• About this exercise:
Leave the pictures out and return every line below exactly.

• Given information:
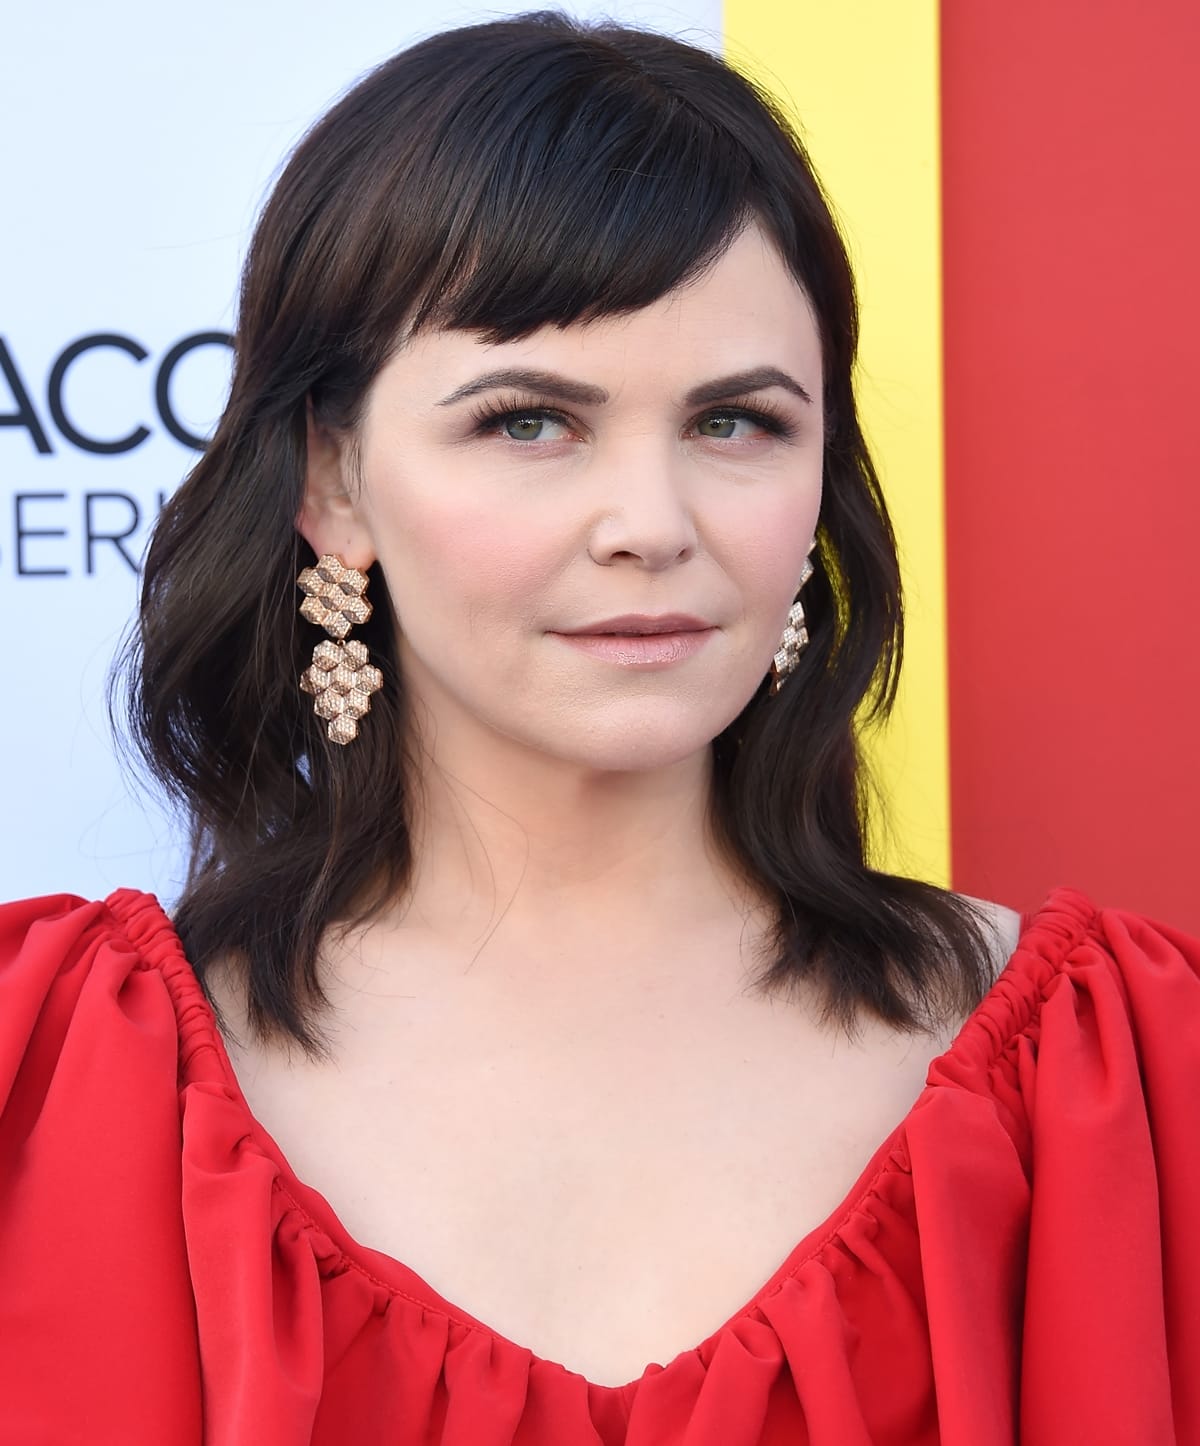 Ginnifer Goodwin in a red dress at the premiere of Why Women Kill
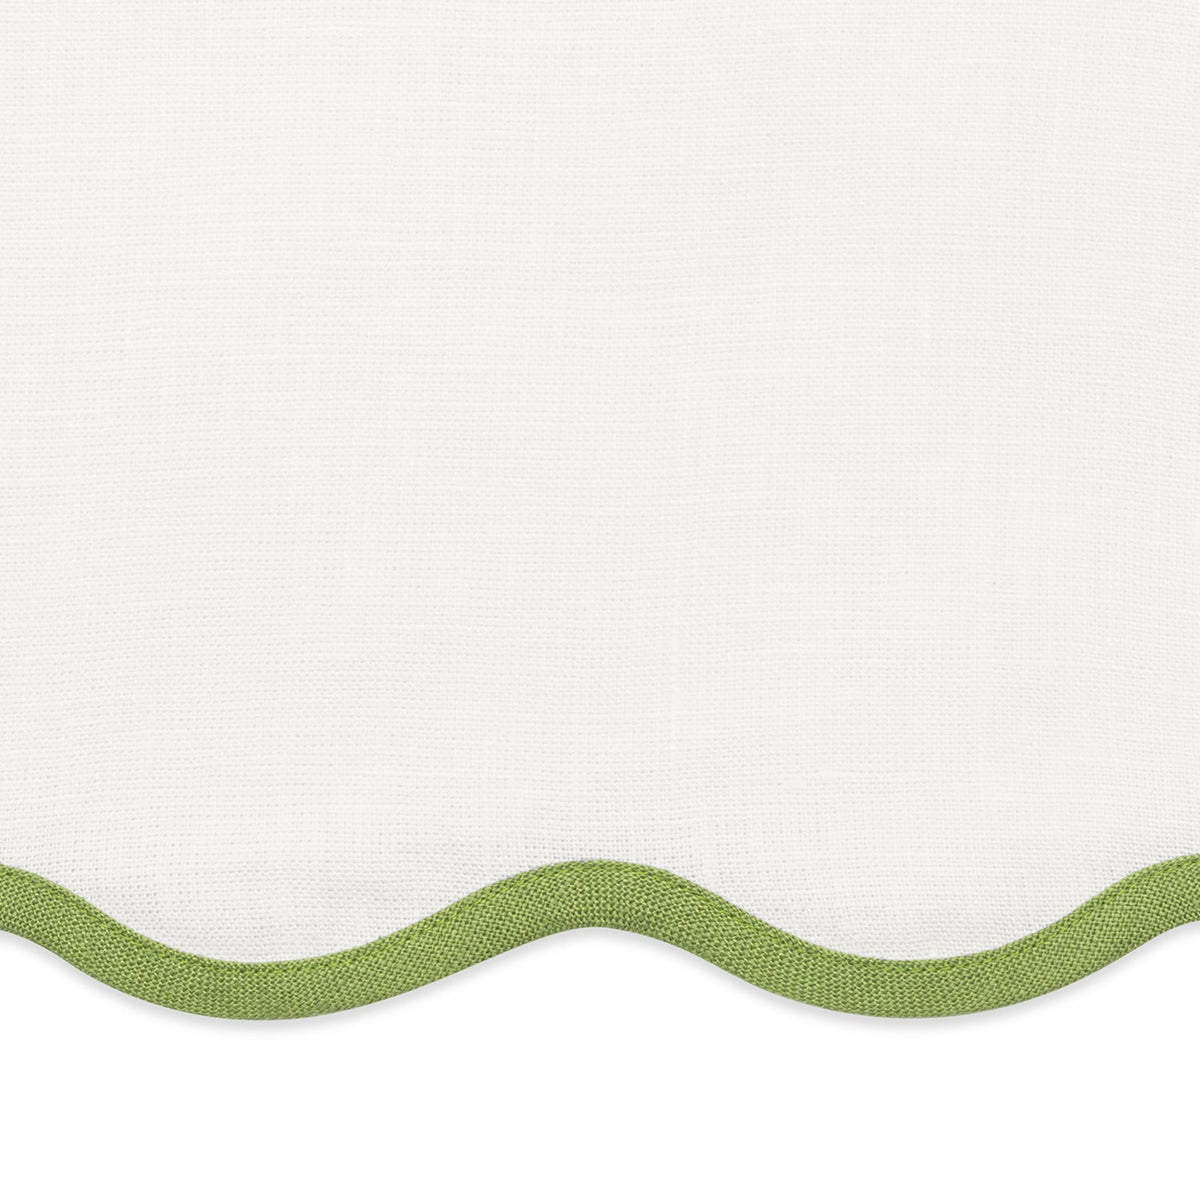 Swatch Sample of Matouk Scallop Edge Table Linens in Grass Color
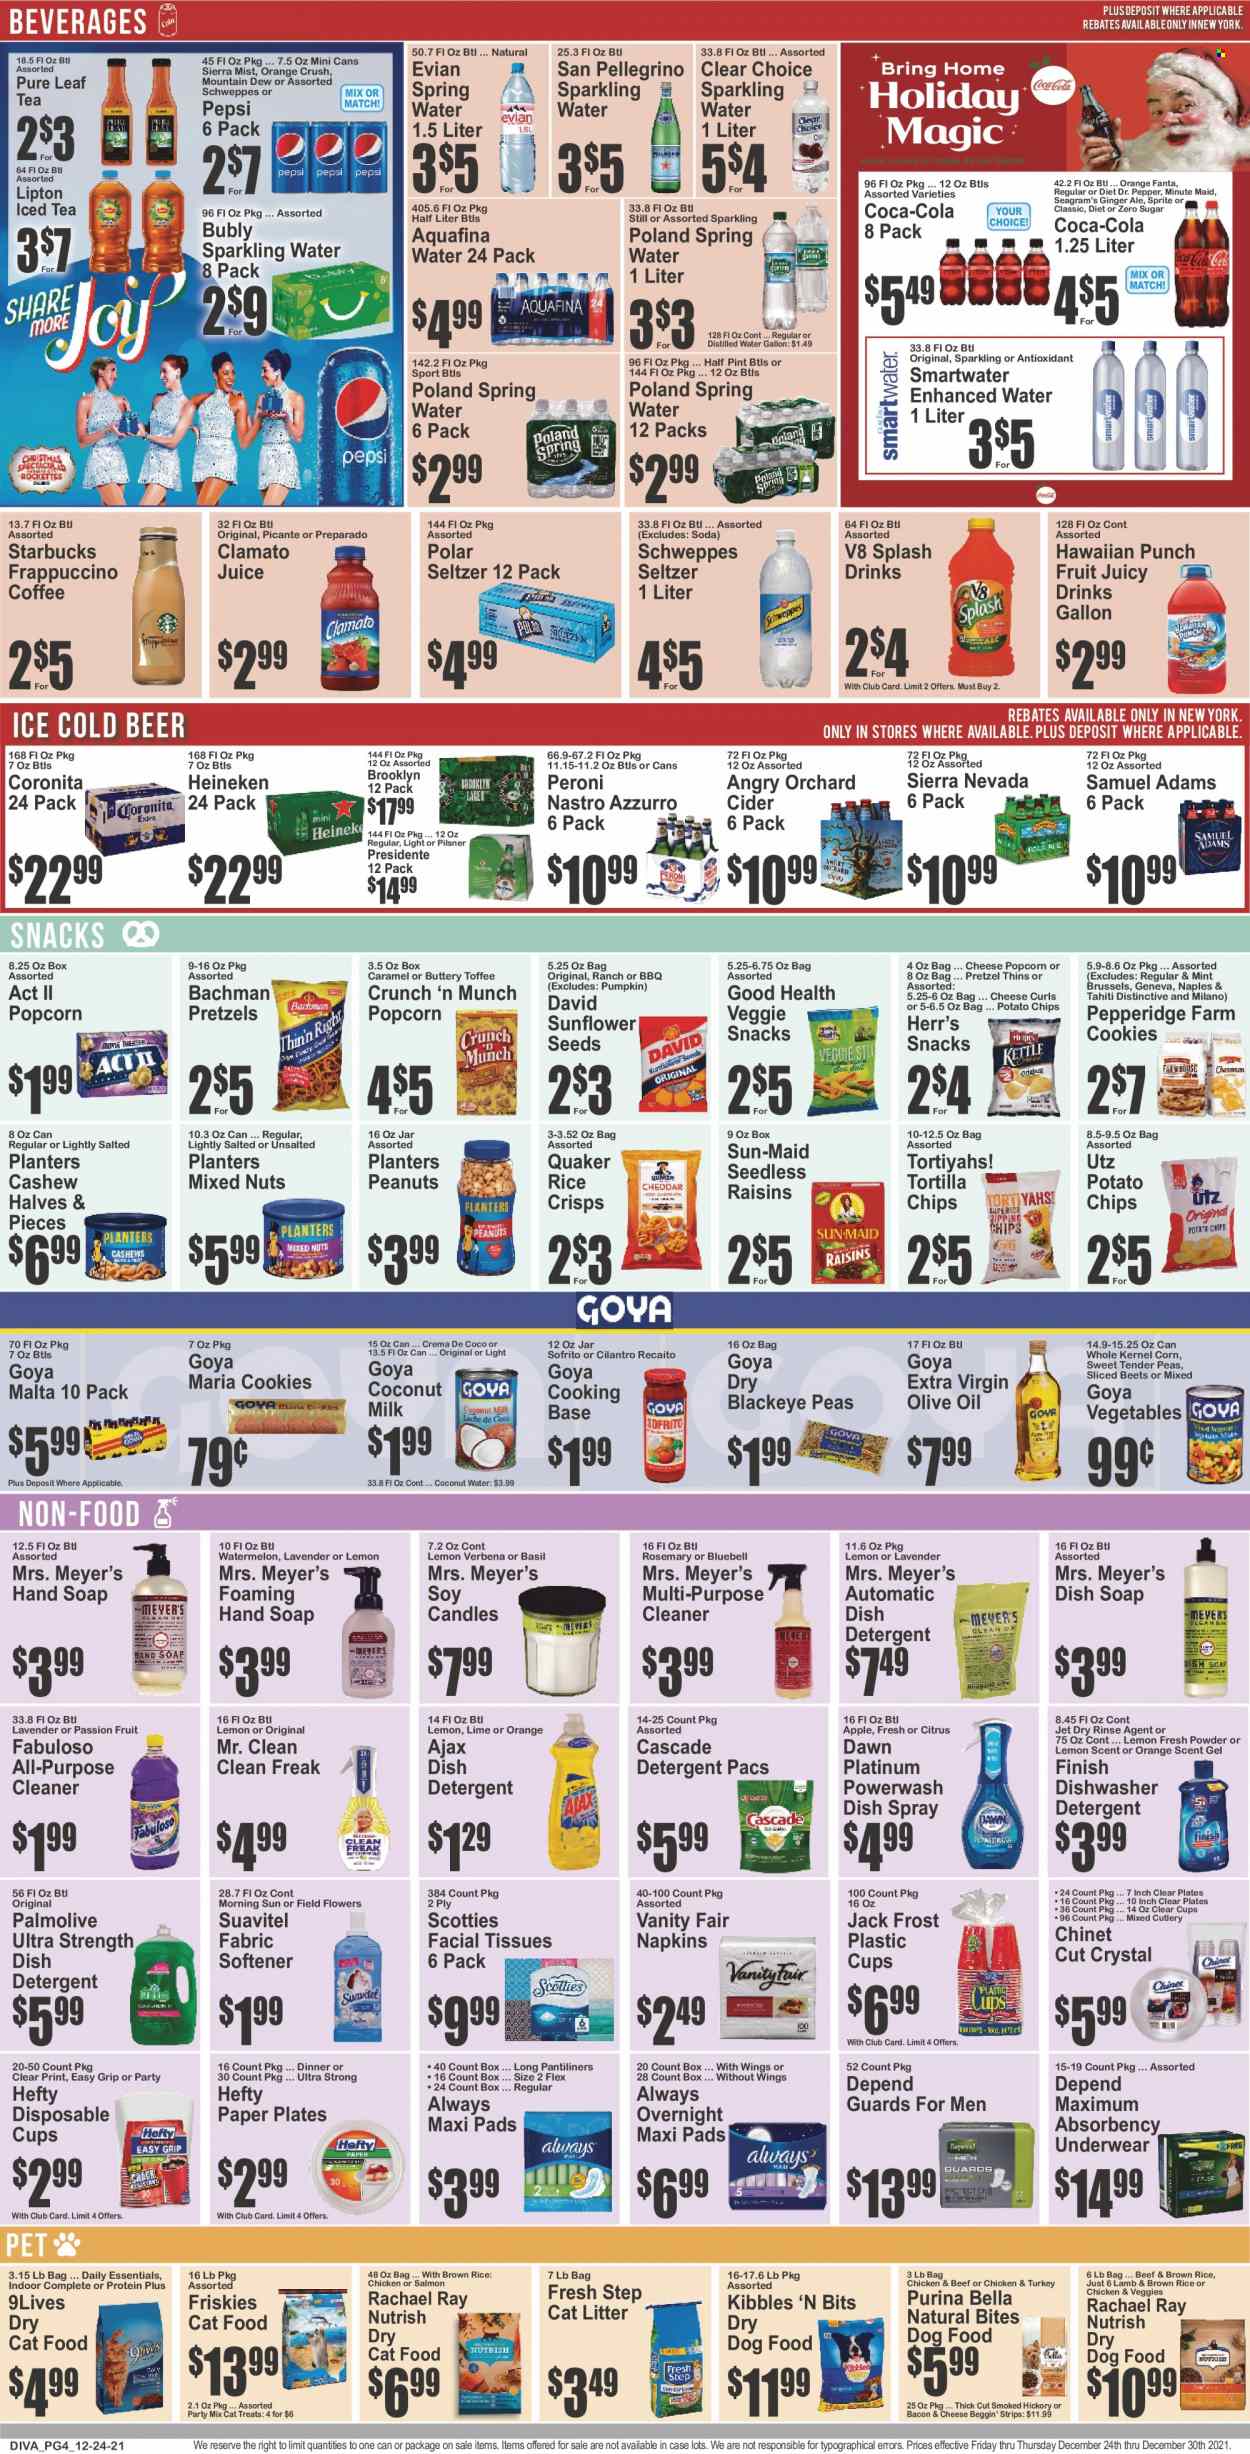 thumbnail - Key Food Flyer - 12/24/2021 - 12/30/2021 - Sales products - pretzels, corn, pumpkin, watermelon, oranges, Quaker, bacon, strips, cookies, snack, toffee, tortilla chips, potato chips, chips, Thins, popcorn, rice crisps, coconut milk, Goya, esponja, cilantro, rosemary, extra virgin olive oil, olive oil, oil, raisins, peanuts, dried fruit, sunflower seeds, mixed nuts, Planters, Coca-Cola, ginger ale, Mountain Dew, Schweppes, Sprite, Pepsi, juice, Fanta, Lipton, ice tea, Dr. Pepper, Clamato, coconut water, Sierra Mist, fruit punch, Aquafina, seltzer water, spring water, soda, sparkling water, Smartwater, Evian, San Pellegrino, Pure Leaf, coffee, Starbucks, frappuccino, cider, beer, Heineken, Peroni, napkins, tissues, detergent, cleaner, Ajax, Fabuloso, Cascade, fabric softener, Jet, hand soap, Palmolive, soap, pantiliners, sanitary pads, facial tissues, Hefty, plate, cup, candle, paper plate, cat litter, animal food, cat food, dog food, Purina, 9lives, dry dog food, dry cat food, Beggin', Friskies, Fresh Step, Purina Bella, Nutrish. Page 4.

• Answer area:
 Ginnifer Goodwin in a red dress at the premiere of Why Women Kill
 Swatch Sample of Matouk Scallop Edge Table Linens in Grass Color
 thumbnail - Key Food Flyer - 12/24/2021 - 12/30/2021 - Sales products - pretzels, corn, pumpkin, watermelon, oranges, Quaker, bacon, strips, cookies, snack, toffee, tortilla chips, potato chips, chips, Thins, popcorn, rice crisps, coconut milk, Goya, esponja, cilantro, rosemary, extra virgin olive oil, olive oil, oil, raisins, peanuts, dried fruit, sunflower seeds, mixed nuts, Planters, Coca-Cola, ginger ale, Mountain Dew, Schweppes, Sprite, Pepsi, juice, Fanta, Lipton, ice tea, Dr. Pepper, Clamato, coconut water, Sierra Mist, fruit punch, Aquafina, seltzer water, spring water, soda, sparkling water, Smartwater, Evian, San Pellegrino, Pure Leaf, coffee, Starbucks, frappuccino, cider, beer, Heineken, Peroni, napkins, tissues, detergent, cleaner, Ajax, Fabuloso, Cascade, fabric softener, Jet, hand soap, Palmolive, soap, pantiliners, sanitary pads, facial tissues, Hefty, plate, cup, candle, paper plate, cat litter, animal food, cat food, dog food, Purina, 9lives, dry dog food, dry cat food, Beggin', Friskies, Fresh Step, Purina Bella, Nutrish. Page 4.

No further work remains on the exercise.